We were unable to load Disqus. If you are a moderator please see our troubleshooting guide.
Thanks for the comment and the words of appreciation!
I think this evidence is/was disconcerting to a lot of people. Note that we aren't saying that you will never see the bias-variance tradeoff. For example, if someone told me they had constructed a data distribution that leads larger and larger trained neural networks to be higher and higher variance, I would probably believe them and go check out their work. I think people are generally much less interested in these theoretical constructions than actual datasets, though.
Hmm, so with pure noise example you asked about, the Bayes error (best error you could expect from any classifier) is 1 - 1/k, where k is the number of classes. Any randomly initialized neural network will get roughly that. So then, I would expect that it wouldn't learn much, and you'd see roughly a horizontal line in performance when increasing width. It might be more interesting to add lower levels of label noise. From a quick search, it looks like that's what they do in this paper (see Figure 4b): https://arxiv.org/abs/1912..... They are able to find a double descent curve with up to 20% label noise (not sure they tested it with higher label noises).

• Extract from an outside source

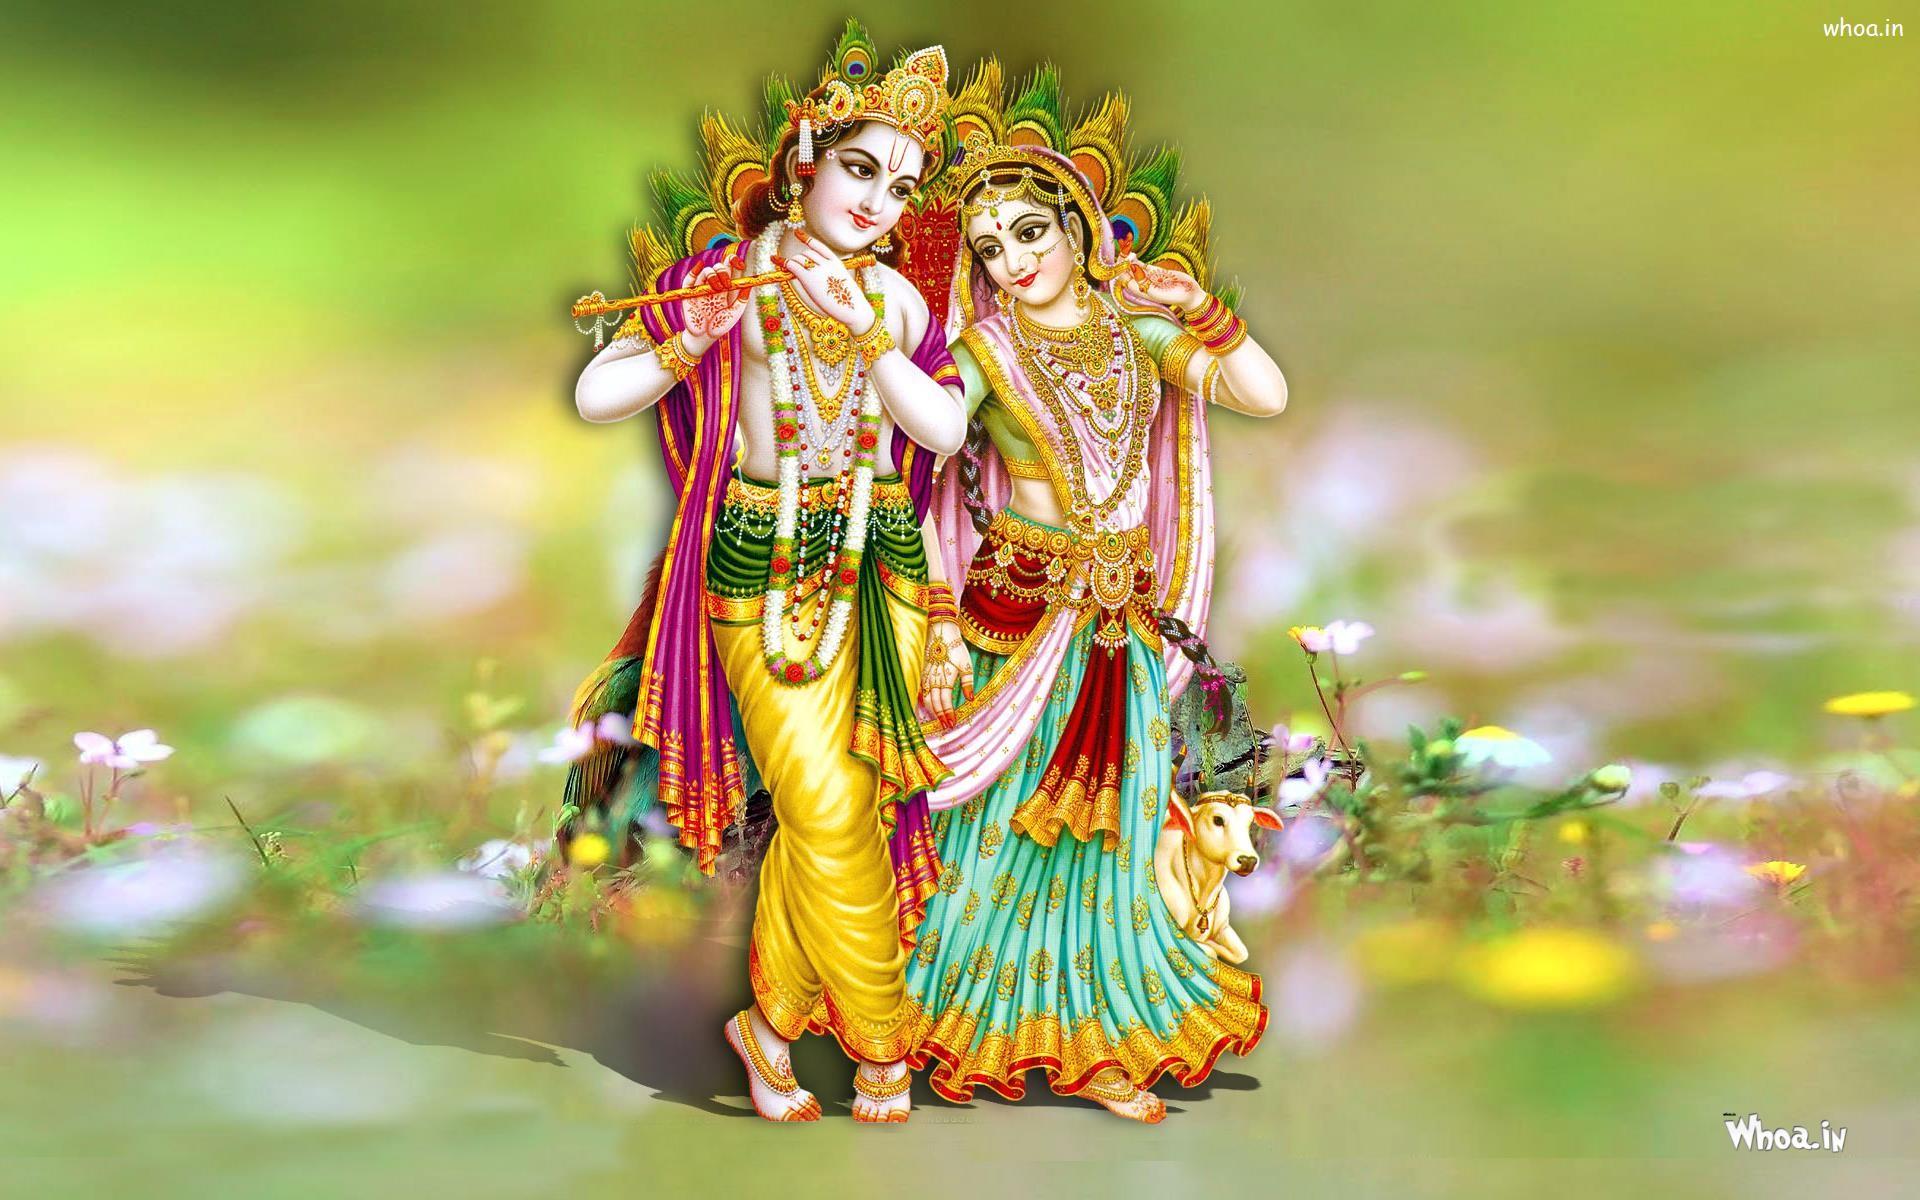 Lord Venkateswara Hd Wallpapers For Windows 7 Radha Krishna Hd Wallpapers 68 Images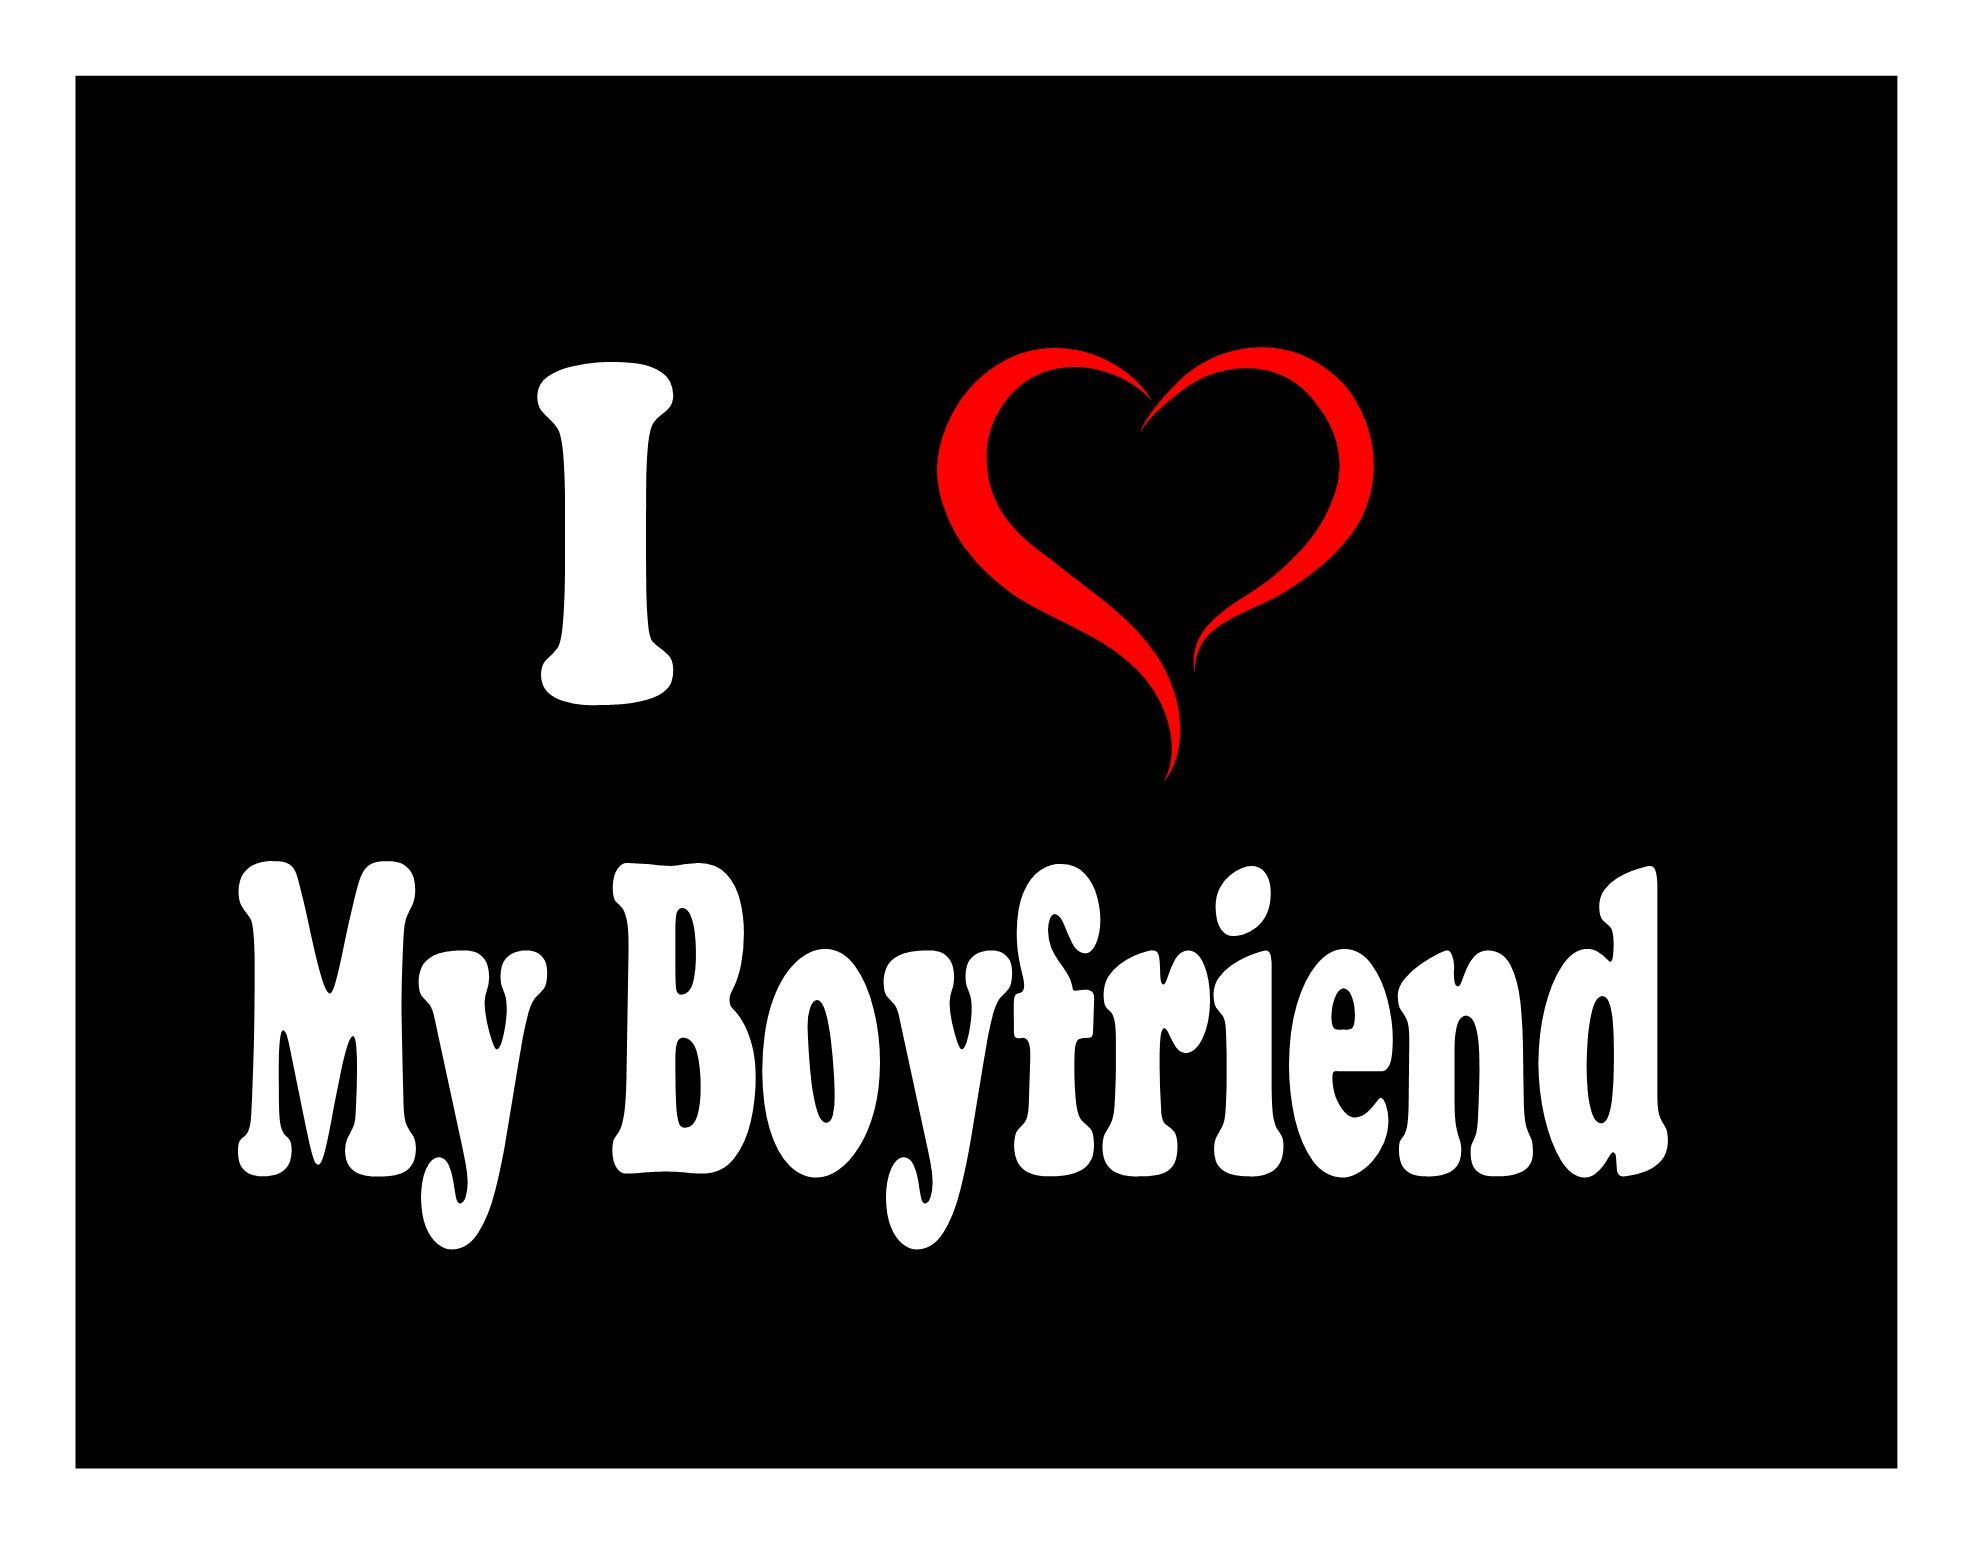 Boyfriend my My boyfriend,

I'm definitely not saying we "don't need inductive bias"! :) Even infinitely large neural networks have inductive bias. See the initial work that Radford Neal did on this and the recent revamping that it has received.
I think a big part of machine learning these days is people trying to find the right inductive biases that are specific enough to be useful for learning, but general enough in that they can exploit the structure that is shared throughout our world.
This purported evidence is a little confusing/disconcerting to me. You test your thesis on datasets curated by humans, so it's possible that improvements that "aren't subject to the tradeoff" are merely researchers/engineers learning to (indirectly) exploit the structure *common to all datasets*. Here's a way to check this: train things on "bad" data (like pure noise). Would you still expect the 'Double Descent Curve'?
If anything begins to sound like "I don't need inductive bias" (and perhaps it's debatable whether what you're saying sounds like that), I have to flag it.
I should add that I really liked this post, and am thankful to the wikipedia edit that led me here.